Olivet’s bloody footprints take us up a wide, shallow-stepped staircase. Left turn. Past two open doors. The third door on the right has the same burn pattern as the front door. Az and I linger in the hallway for a moment. I have to center myself. I have to get a handle on my rage before I step into a kidnapped child’s bedroom.
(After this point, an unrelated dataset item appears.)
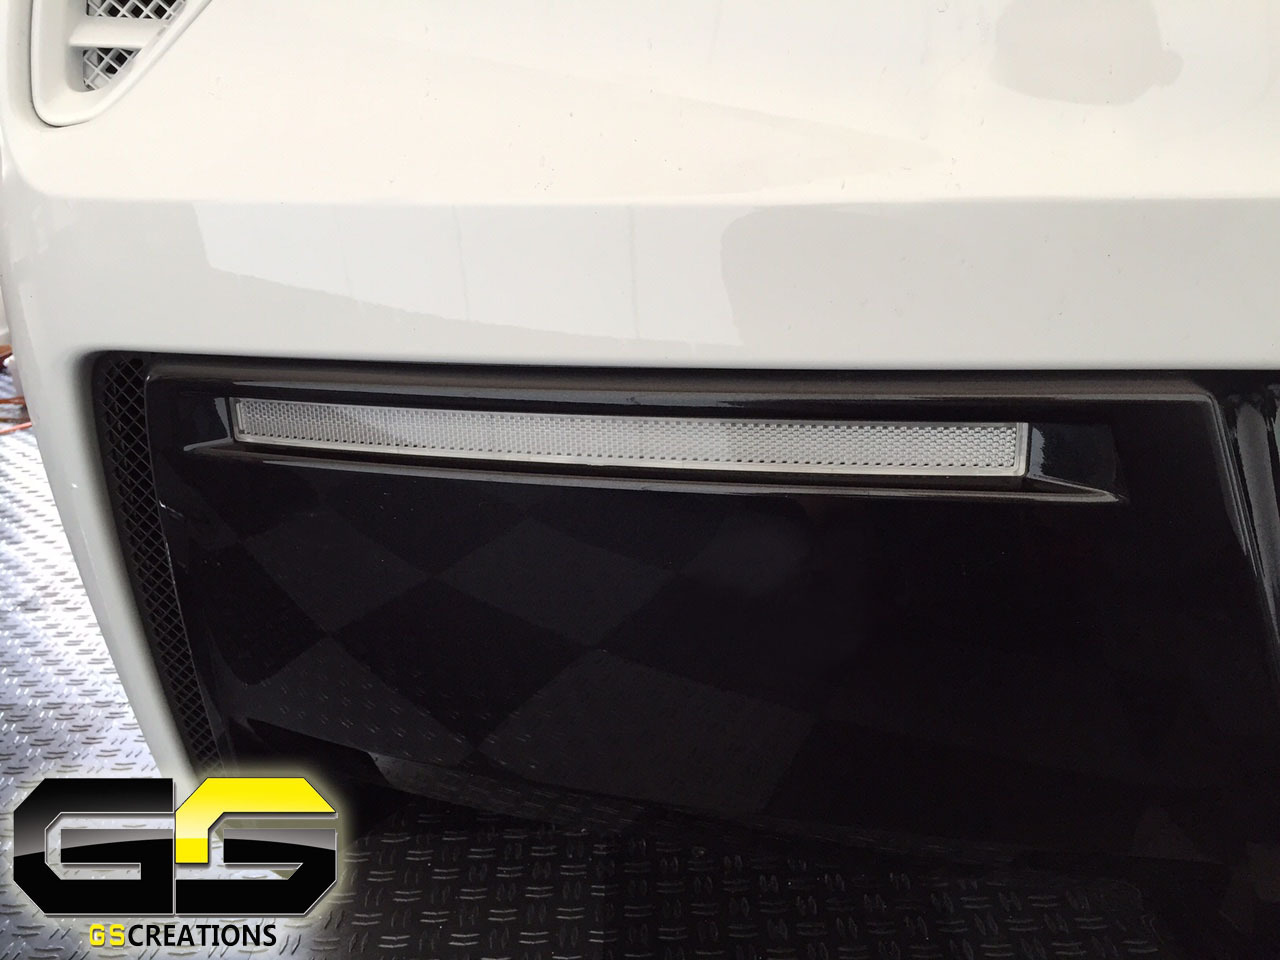 2014+ C7 Corvette GSCreations Clear Rear Bumper Reflector Markers - 2 Piece Kit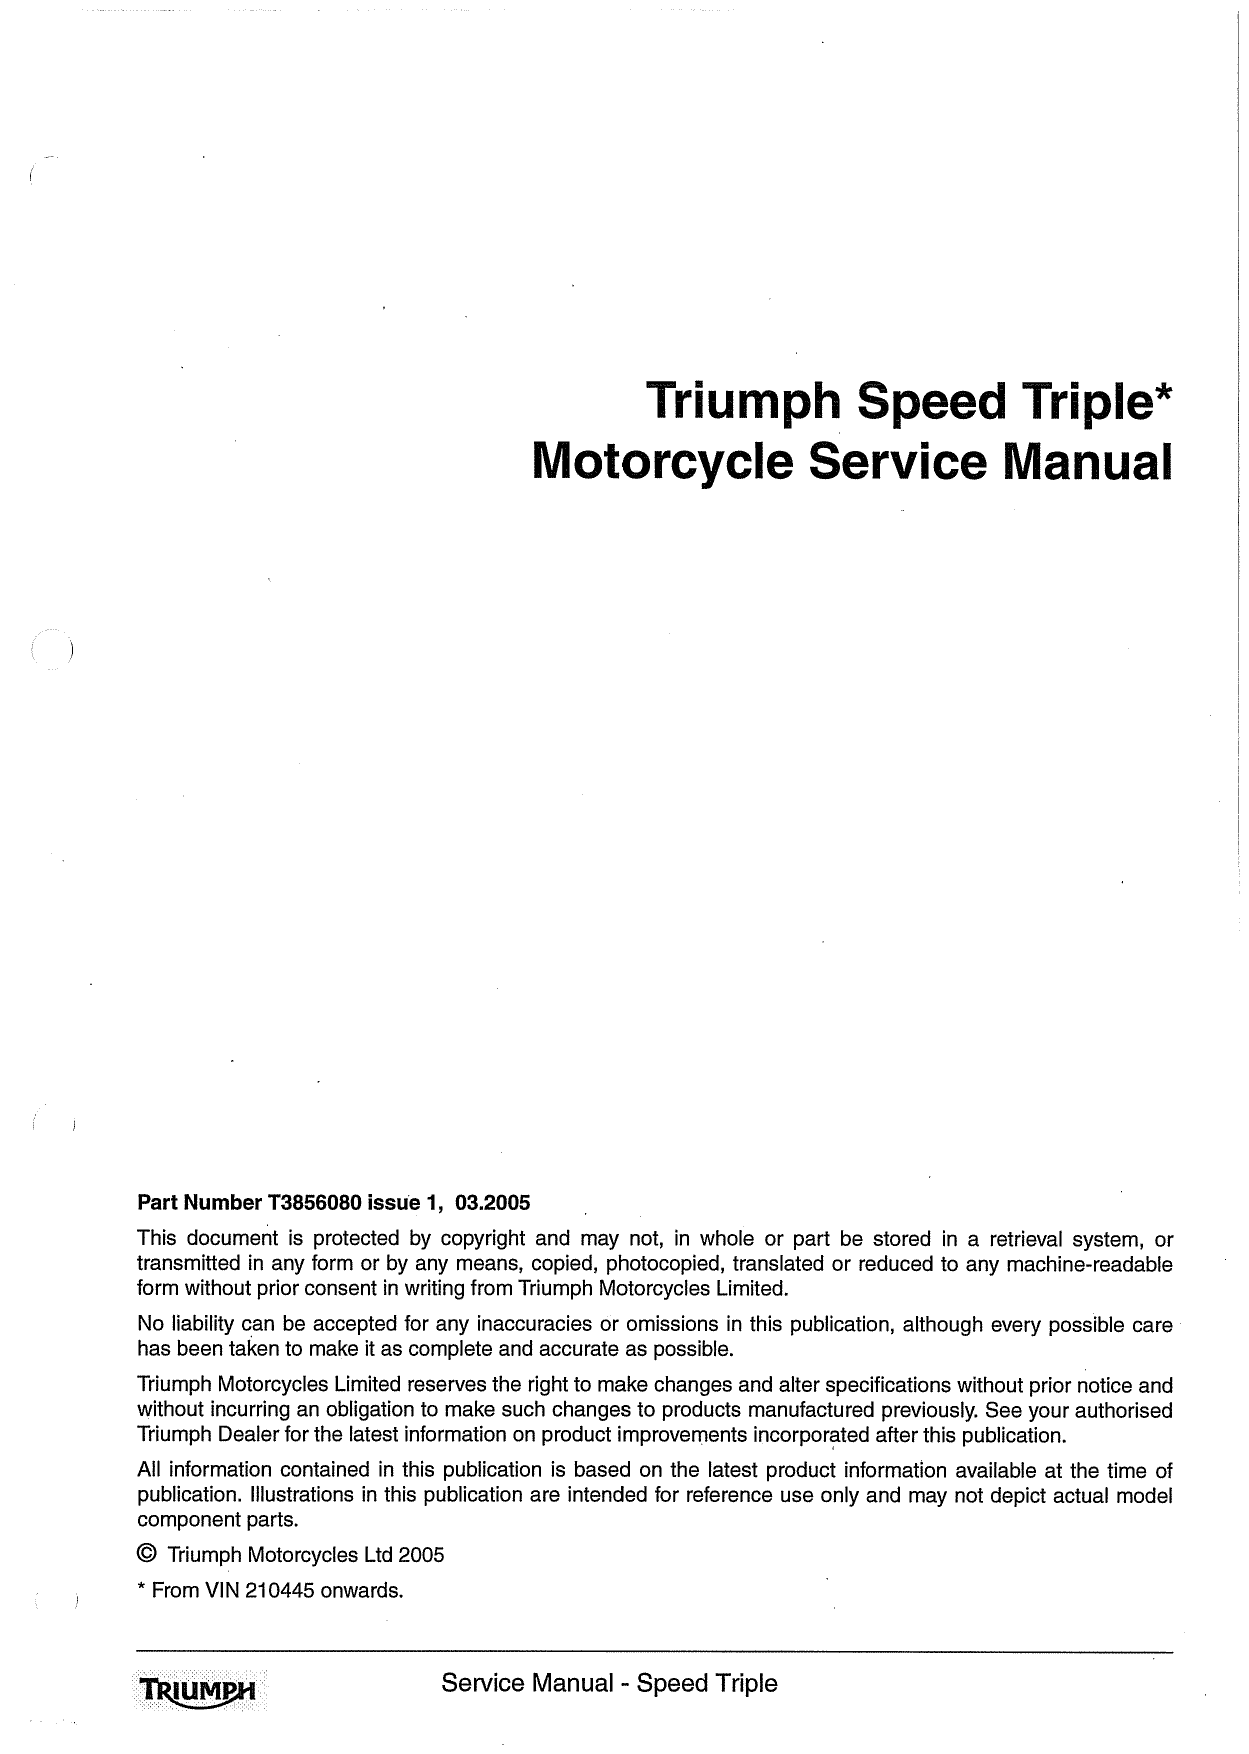 2005-2009 Triumph Speed Triple 1050 VIN 210445 manual Preview image 6

Once I’m certain I won’t Shift, I lead Az into the room. The mattress on the train-shaped bed is overturned. The train-themed curtains are in tatters, and there’s a lamp-shaped hole in a closet door. The unmistakable odor of urine is concentrated near the bed. That there is very little blood on the damaged furniture keeps the nearly overwhelming fury in check.
Az gingerly climbs onto a short, blue table and reaches for the ceiling fan. A red boy’s pajama top dangles from one of the blades. Her fingers barely manage to snag a corner of the fabric.
I wrap an arm around her waist to guide her to the floor. The last thing I need is for her to fall off the desk and break her damn neck. Though her feet are firmly on the floor, my arm remains around her waist. Just in case.
She buries her face in the pajama top and inhales deeply. For a moment, everything is quiet and still. Sputtering and sneezing, she shoves the pajama top at me. “Lethe’s Sleep. Makes you unconscious. When you wake up, you won’t remember what knocked you out.”
“How dangerous is it for Daniel?”
“A lot of parents use it on their children, especially colicky babies.” Az lifts the hem of her shirt so that I get a glimpse of the lacy cups of a black bra. One line of gray text curls around the left side of her rib cage. “It’s short. Quick. Harmless.”
Since there are no not-Shifter footprints upstairs, I have to assume that Olivet used magic to carry an unconscious centaur child downstairs. Az confirms that there are spells that would allow him to do so. By the time we return to the kitchen, Greer and his crime scene unit have set up shop.
I have to get out of the house. I can’t stand smelling Katya’s blood or remembering the torn sheets on Daniel’s train bed. I should have talked to the Patriarch about security. I should have gone straight for Olivet as soon as we learned his name. I should have smelled something off during that first meeting and ripped out his throat.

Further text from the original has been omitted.